Do you want to see great acting? I do not use the word great lightly and if the answer is yes you should go to the Coal Mine Theatre in Toronto and see People Places and Things with Louise Lambert. More detail below.
People Places and Things is a powerful play by Duncan Macmillan about Emma (Louise Lambert), an actor who is seriously addicted to drugs and alcohol. She goes to a rehab centre looking for a quick fix and a letter saying that she is capable of working. She finds out that a rehab program would take weeks, perhaps longer where she must submit to group therapy and honesty. There are half a dozen other addicts at the center as well as a therapist and doctor. And Emma must deal with her parents as well.
Emma’s addiction causes her to be aggressive, arrogant, unsocial and angry. Lambert goes through the gamut of these emotions or states with incredible power and display of emotions. She hallucinates and five other “Emmas” appear on stage and imitate her steps as the lights flicker. It is hallucination perfectly illustrated. She reaches excruciating emotional levels, excruciating for Lambert and the audience.
Fiona Reid plays the doctor and therapist as cool-headed and efficient professionals who know what they are doing and make the demands of what is expected for rehabilitation to work.
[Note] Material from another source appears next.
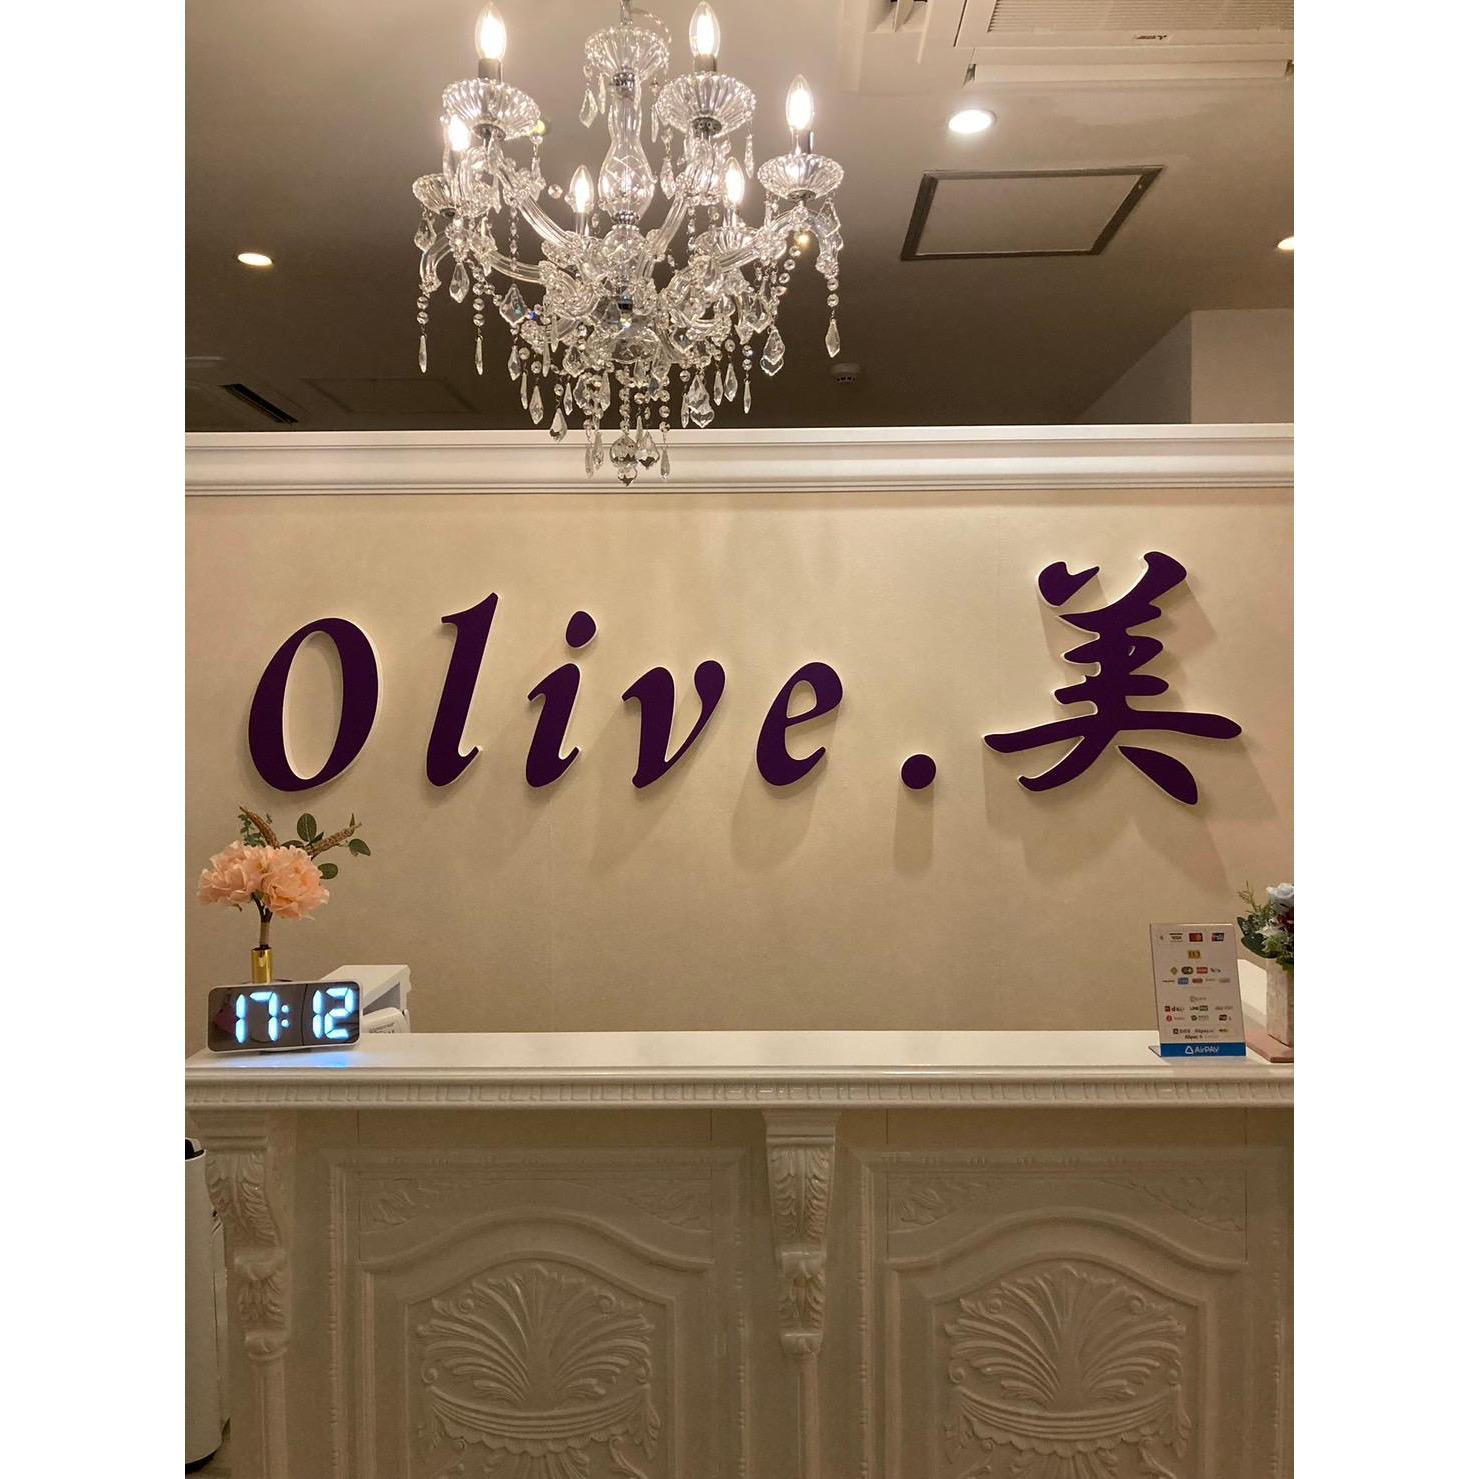 Olive.美 Logo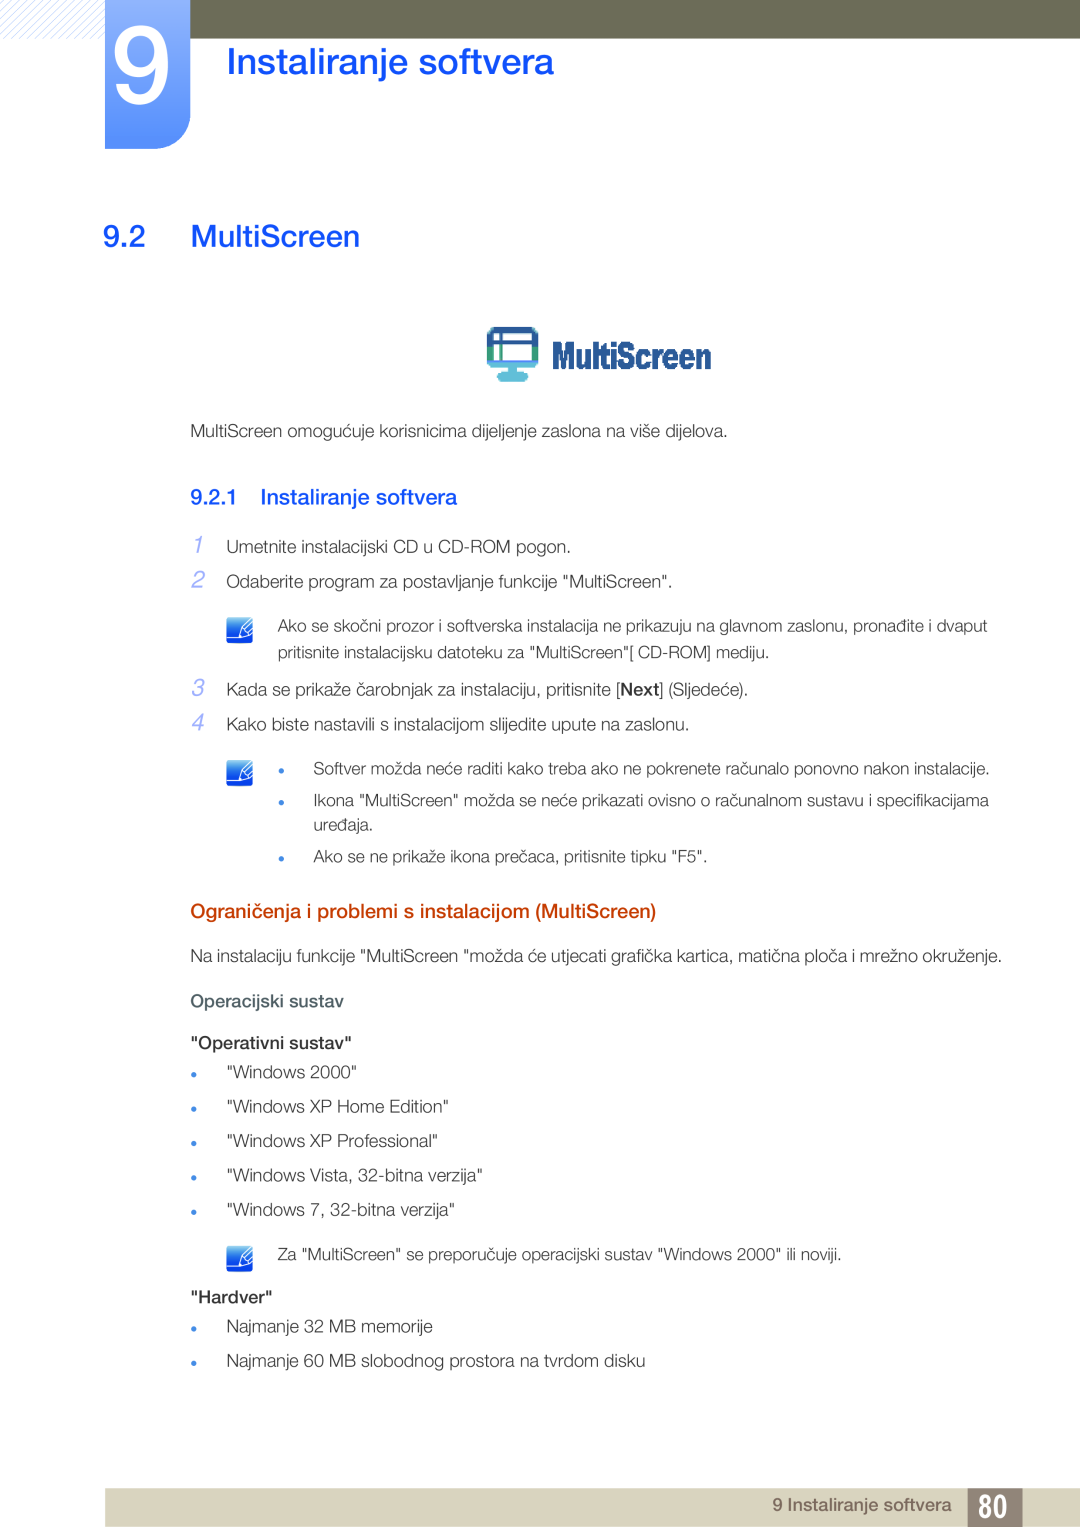 Samsung LF22TSWTBDN/EN Instaliranje softvera, Ograničenja i problemi s instalacijom MultiScreen, Operacijski sustav

Reid and Olive Dennis also play Emma’s parents. their daughter’s addiction seems to have caused a deep rift and her attempt at reunification is unsuccessful.
Dennis also plays Paul, one of the patients and he appears as a loud, half-naked and obnoxious addict who runs deliriously around the stage. The other adducts are a varied if deeply damaged group of people who give an outstanding job of ensemble acting. They are Nickesha Garrick, Farhang Ghajar, Matthew Gouveia, Sam Grist, Sarah Murphy-Dyson, Kwaku Okyere and Kaleb Tekeste.
The tiny Coal Mine Theatre has seats on two sides of the house with a small playing area in the middle. There are chairs, stools and other pieces of furniture brought on and taken off by the cast as needed. Steve Lucas is the stage designer. There is rich and varied use of lighting to indicate the emotional trauma of the characters. The Lighting Designers and Lighting Programmer are Bonnie Beecher and Jeff Pybus.
Movement Director Alyssa Martin handles the complex actions of the cast in the playing area, on and off the stage and bringing on and removing props. It looks like a complex operation, especially in a theatre that is small with very few places to go to. It is as much choreography as movement direction and is marvelous work.
The cumulative effect is like being struck with a tsunami of trauma and emotion. Lambert’s stunning performance along with the rest of the cast grabs you and holds you in thrall for the duration of the performance. This is rare and extraordinary theatre.
Director Diana Bentley displays stunning directorial talent in putting a complex show together and instilling the enormous discipline required to bring to maintain the high emotional pitch throughout. A great production.
People, Places And Things by Duncan Macmillan continues until March 7, 2025, at the Coal Mine Theatre, 2076 Danforth Ave. Toronto, (northwest corner of Woodbine and Danforth). www.coalminetheatre.com/
Kwaku Okyere, Matthew Gouveia, Farhang Ghajar and Louise Lambert.